I'm stuck in some algorithms in hyperbolic groups, which may be rather simple.

Let $G$ be a hyperbolic group given by a finite presentation. It is known that the hyperbolicity constant $\delta$ can be computable from the given presentation (by papasoglu, but I could not find/read the related reference).

We also know there exists Dehn presentation for $G$ which allows to solve word problems in $G$. Here is my question. Is it clear how to obtain a Dehn presentation in practice?

In general, every relator in Dehn presentation is of form $wv$, where $w$ is a word of length upper bounded by a constant, for example, $8\delta+1$, and $v$ is of length strictly less than $u$ such that $u, v$ represent the same group element. So there are at most finitely many such relators.

But in practice, how to list these relators? Of course, $u, v$ are of finite length. There are finitely many choices to list. But how to know whether $u, v$ give the same group element? Is it amount to saying that $G$ has a soluble word problem?
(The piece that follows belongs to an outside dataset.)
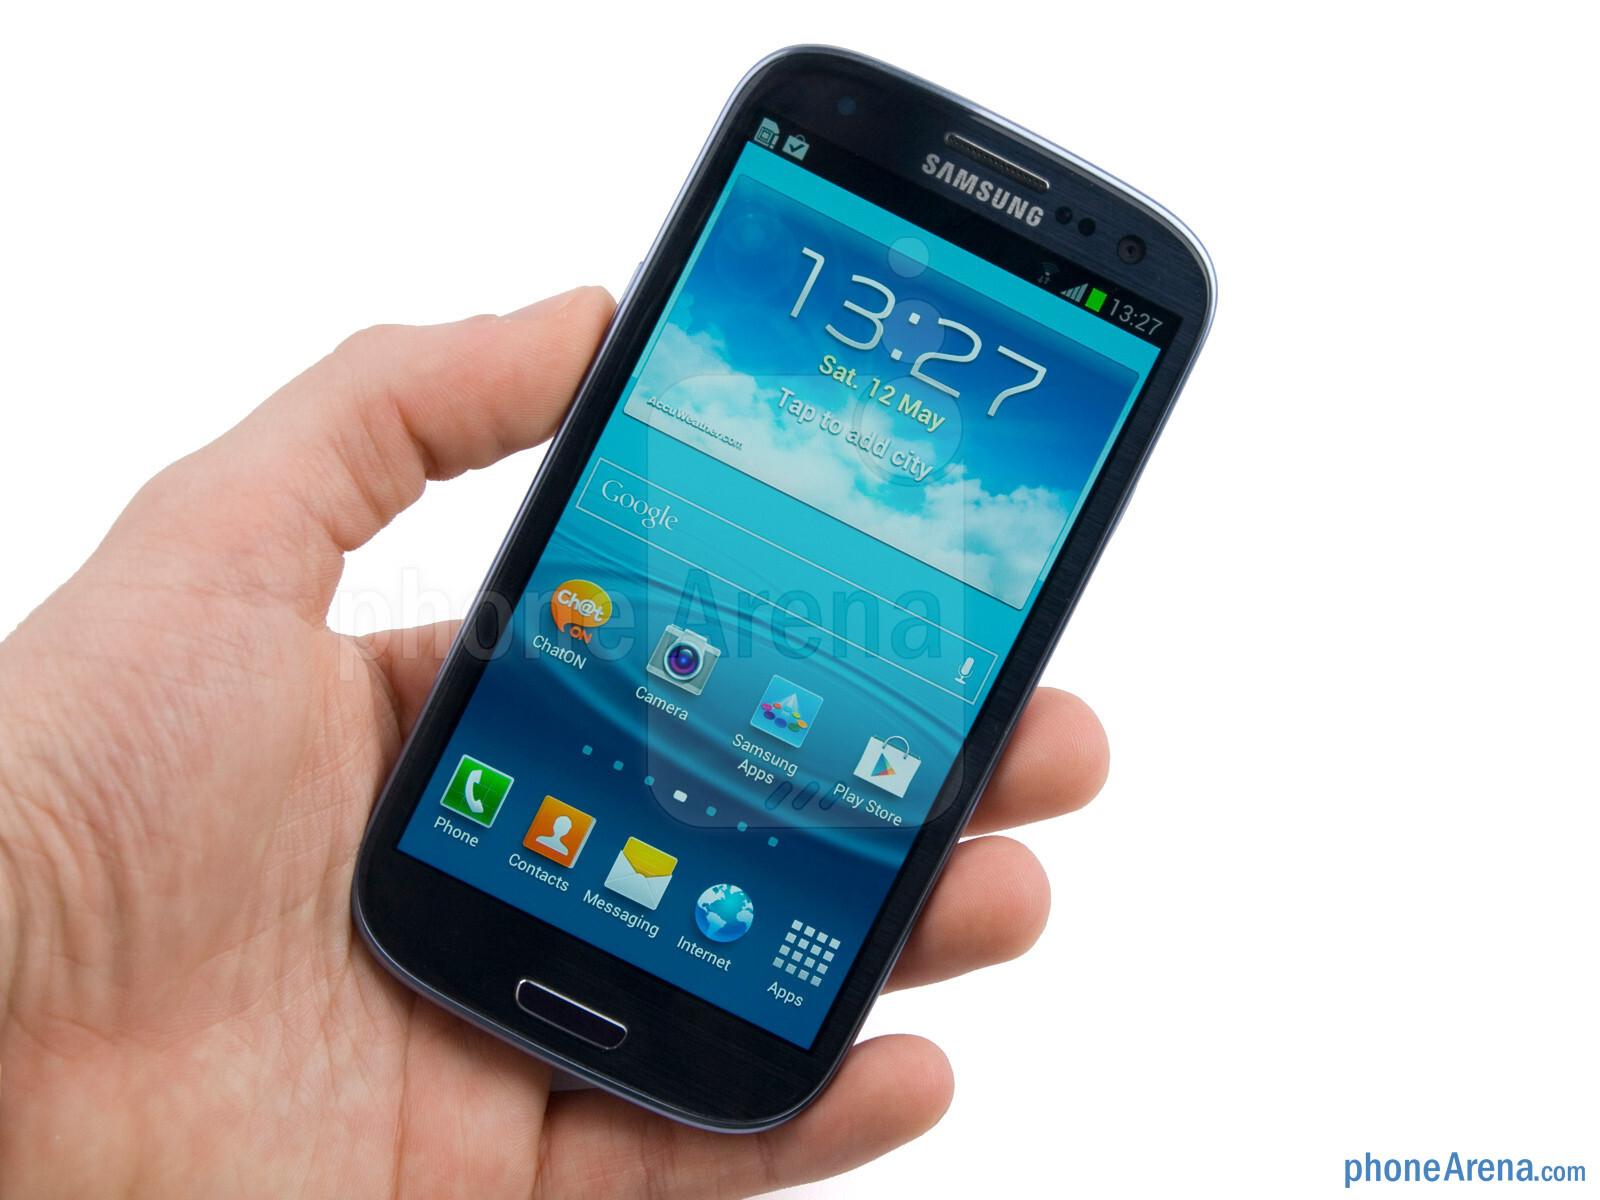 Samsung Galaxy S III: 10 Must-Know Tips and Tricks | CIO

In some practical cases, we can do it by other means. For example, in surface groups, we can use the group action on the hyperbolic plane to efficatively decide whether $u$ and $v$ give the same transformation.

So in general, is there a way to do this in algorithms? or researchers in math are just satisfied with the EXISTENCE of Dehn algorithms?


An algorithm for computing the hyperbolic "thinness" constant $\delta$ is described in the paper:

Epstein, David B. A.; Holt, Derek F Computation in word-hyperbolic groups. Internat. J. Algebra Comput. 11 (2001), no. 4, 467–487.

and I did implement it. It works OK on reasonably straightforward examples like surface groups, hyperbolic triangle groups, etc, but it takes a long time and uses a lot of memory on more difficult examples.

Papasoglu proved that if geodesic bigons in the Cayley graph are uniformly thin, then the group is hyperbolic, and it is possible to get a bound on the hyperbolic constant from his proof in terms of the bigon thinness constant, but it is something like doubly exponential. That is frustrating, given that the bigon constant is comparatively easy to compute in practice, and in all the examples we have ever computed, the hyperbolic constant is at most one more than the bigon constant. But attempts to derive a better bound have been unsuccessful so far. (I have discussed this with Papasoglu, who has tried to do this himself.)

As for your question, except in special cases, I don't know of any better way of finding a Dehn presentation other than by using the presentation given by the standard proof, which (as you said) takes all length reducing rewrite rules arising from group relators of length at most $8\delta+1$. That of course usually gives impracticably many rewrite rules, and it is unlikely that they are are all needed. And, as you said, you really need to be able to solve the word problem already in order to compute this list of relations - but in general you can do that: see below.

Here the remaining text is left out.